**Provided material**
+ + + +

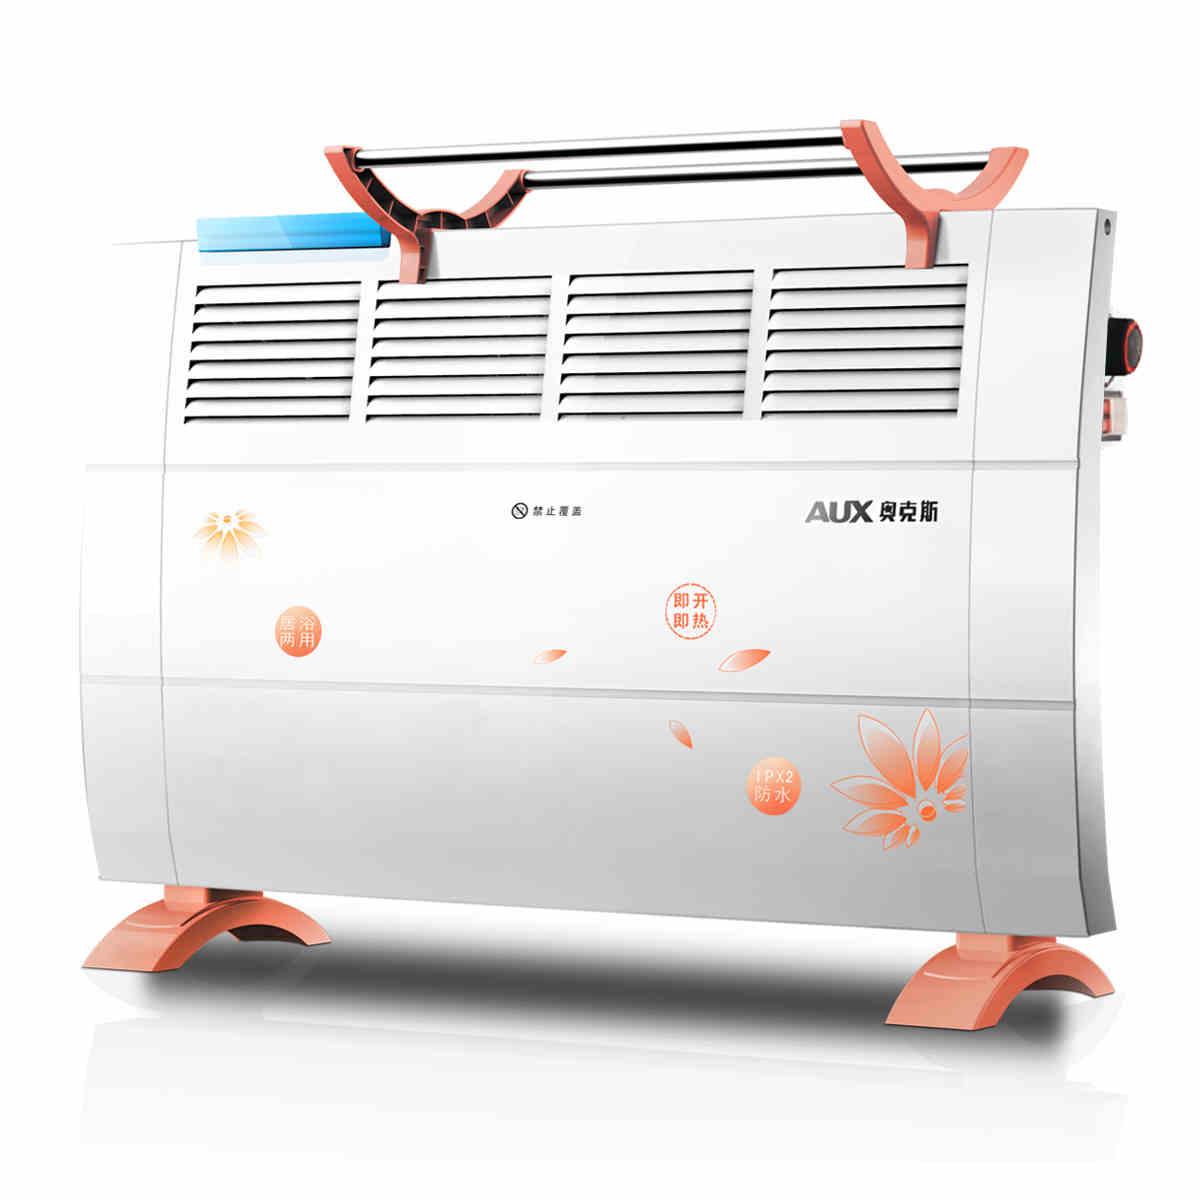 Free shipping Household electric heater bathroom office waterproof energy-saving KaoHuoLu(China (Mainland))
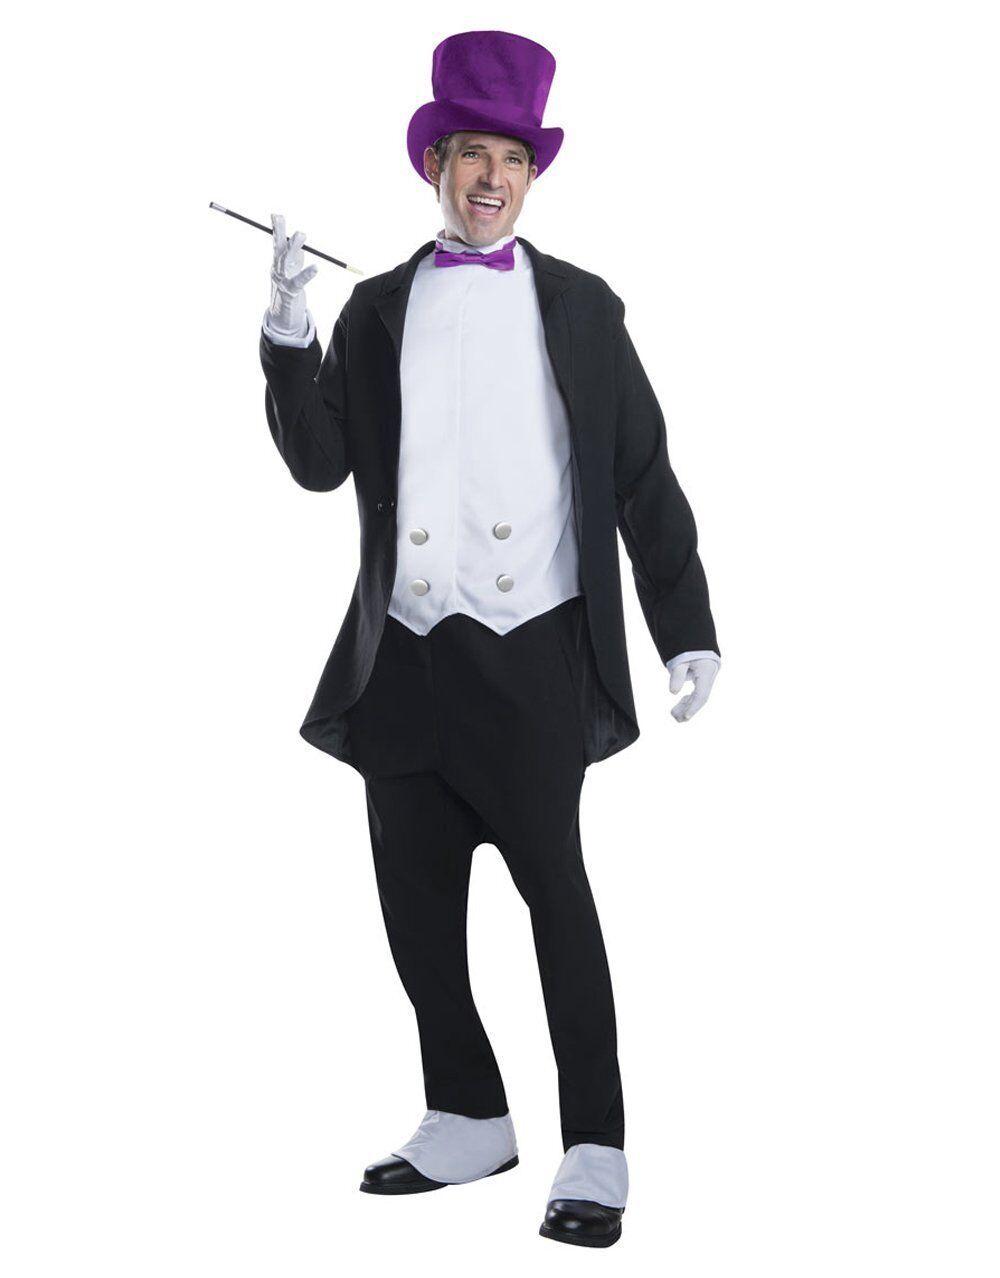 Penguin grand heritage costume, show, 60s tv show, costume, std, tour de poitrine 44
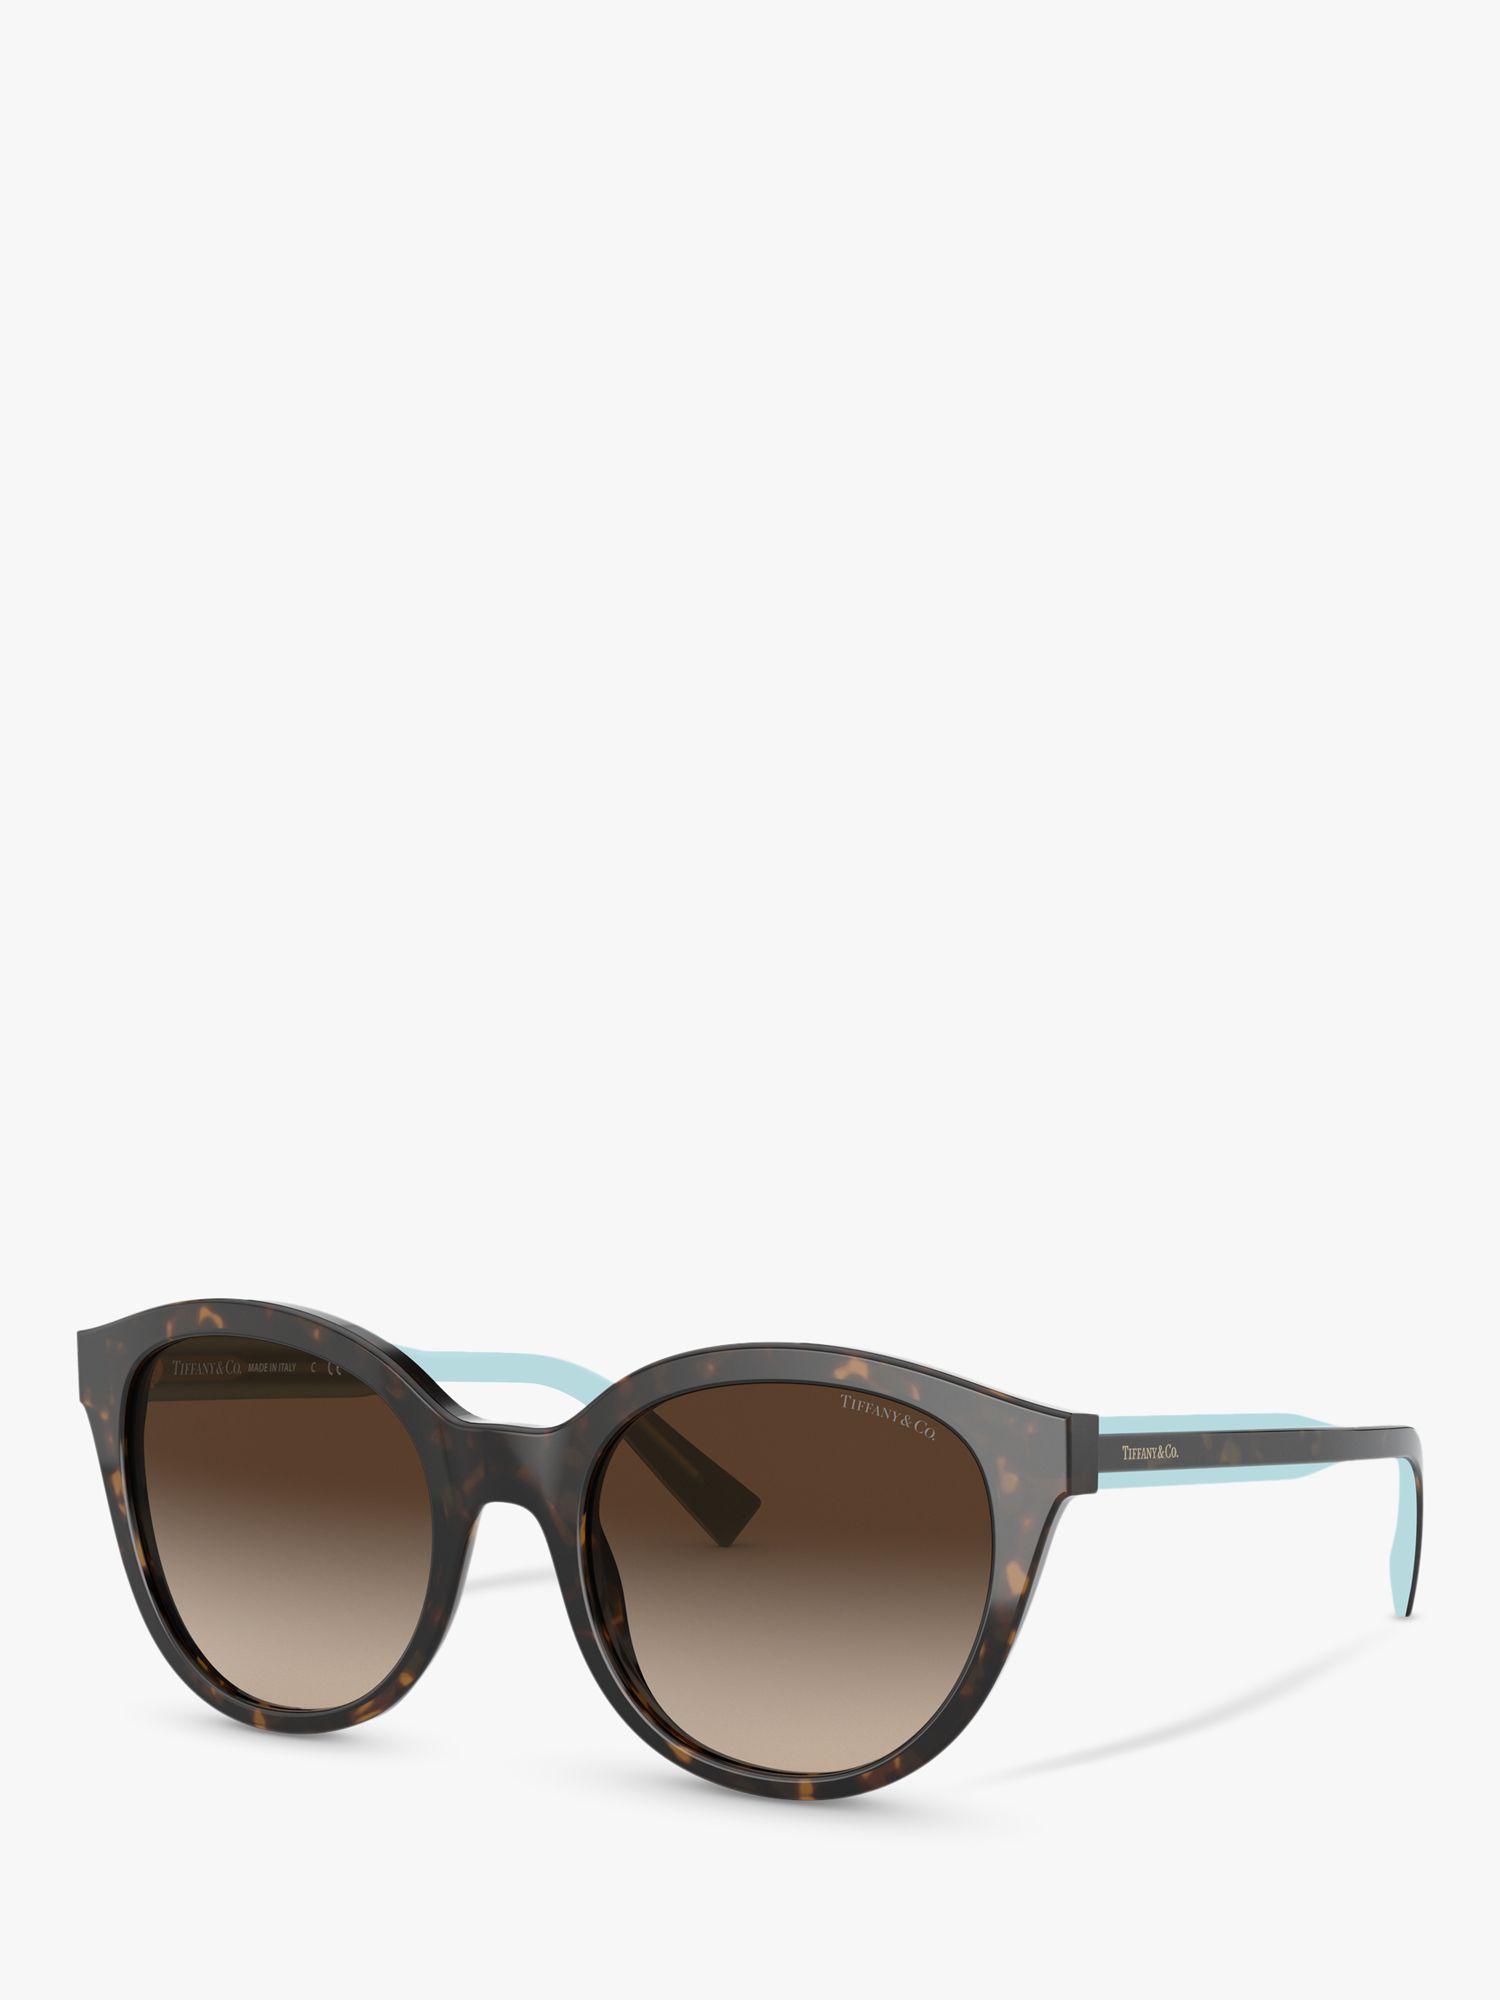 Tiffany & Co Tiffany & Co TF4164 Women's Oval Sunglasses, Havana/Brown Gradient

+ + + +

**What is being asked**
Return each line from the material above exactly, but not the pictures.

**Your response**
 Free shipping Household electric heater bathroom office waterproof energy-saving KaoHuoLu(China (Mainland))
 Penguin grand heritage costume, show, 60s tv show, costume, std, tour de poitrine 44
 Tiffany & Co Tiffany & Co TF4164 Women's Oval Sunglasses, Havana/Brown Gradient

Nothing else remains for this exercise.